* ABOUT THIS EXERCISE *
Only the lines below, from the one with "d'une petite édition" through the one with "Les feuilles font", are to be written out, exactly.

* DATASET EXTRACT *
....

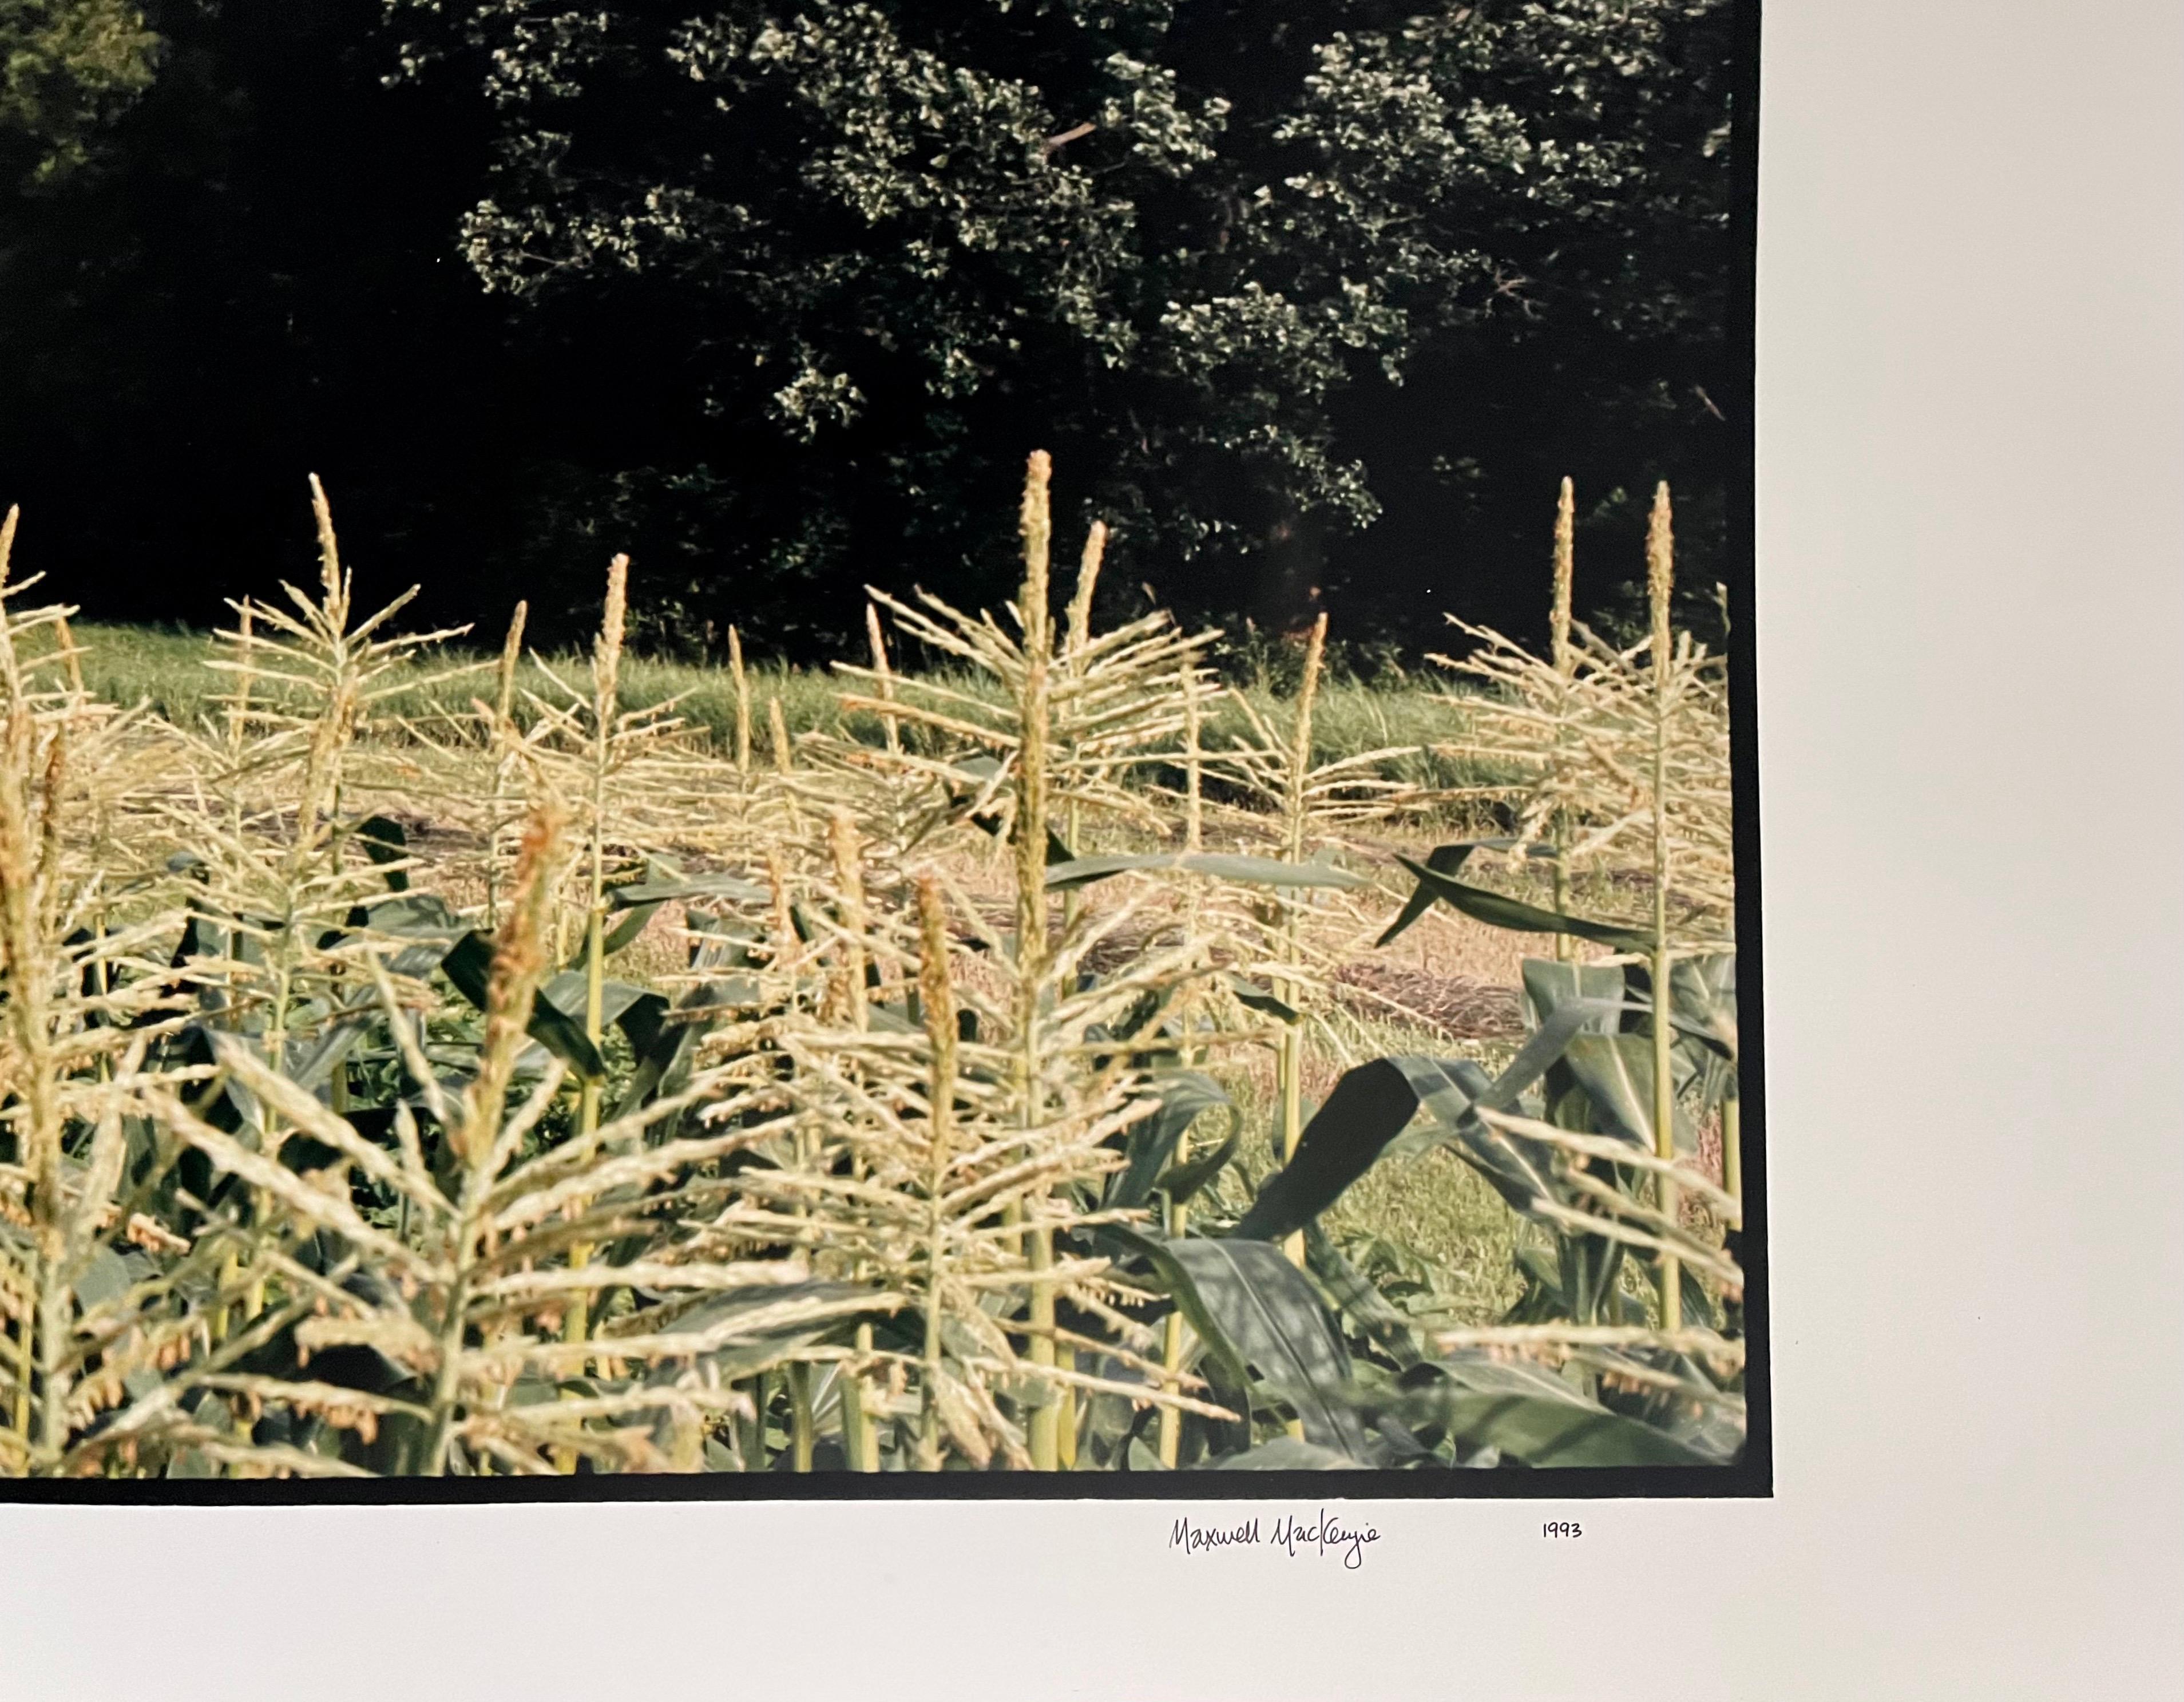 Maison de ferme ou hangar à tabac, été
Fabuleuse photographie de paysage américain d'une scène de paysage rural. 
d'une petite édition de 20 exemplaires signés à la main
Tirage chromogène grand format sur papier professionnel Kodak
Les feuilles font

....

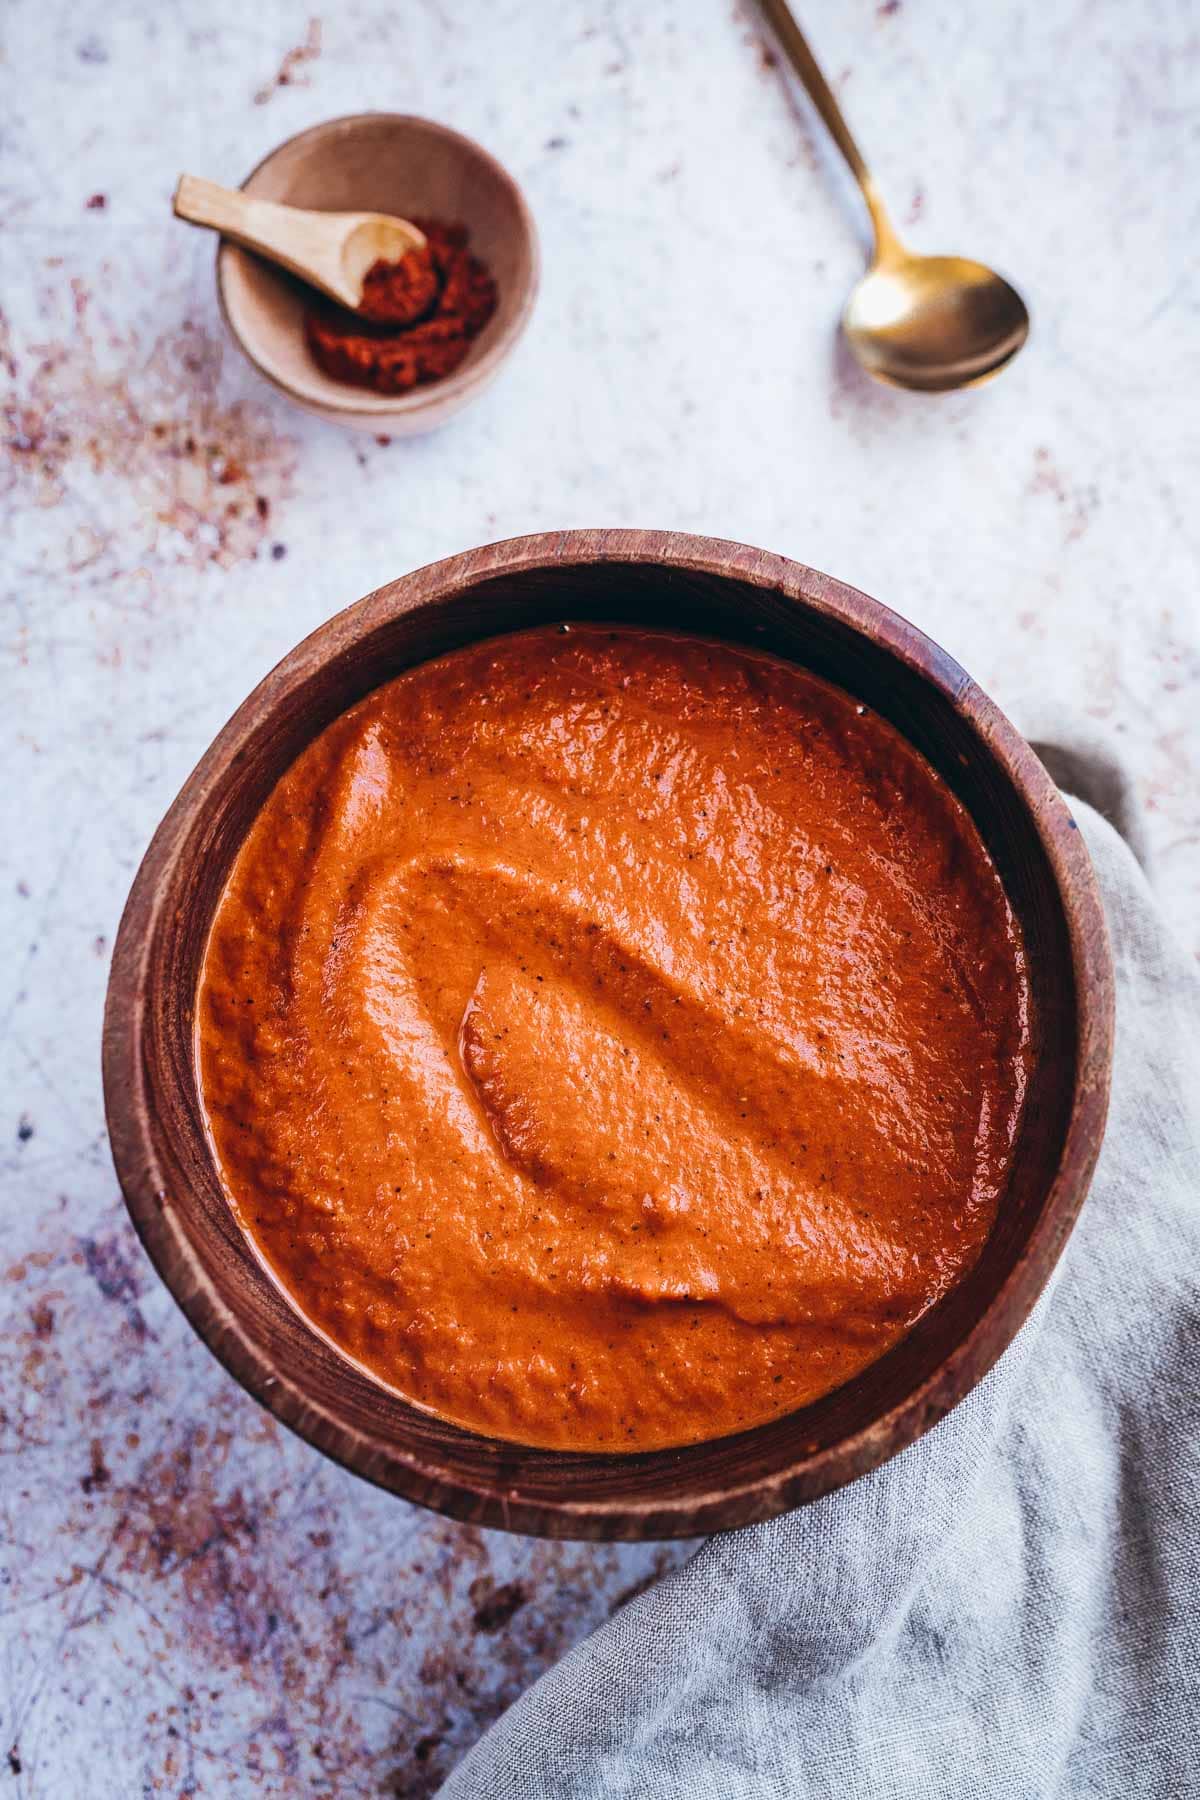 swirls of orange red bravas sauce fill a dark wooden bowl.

....

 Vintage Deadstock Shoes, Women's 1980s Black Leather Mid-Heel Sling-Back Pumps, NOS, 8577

....

* RESPONSE *
d'une petite édition de 20 exemplaires signés à la main
Tirage chromogène grand format sur papier professionnel Kodak
Les feuilles font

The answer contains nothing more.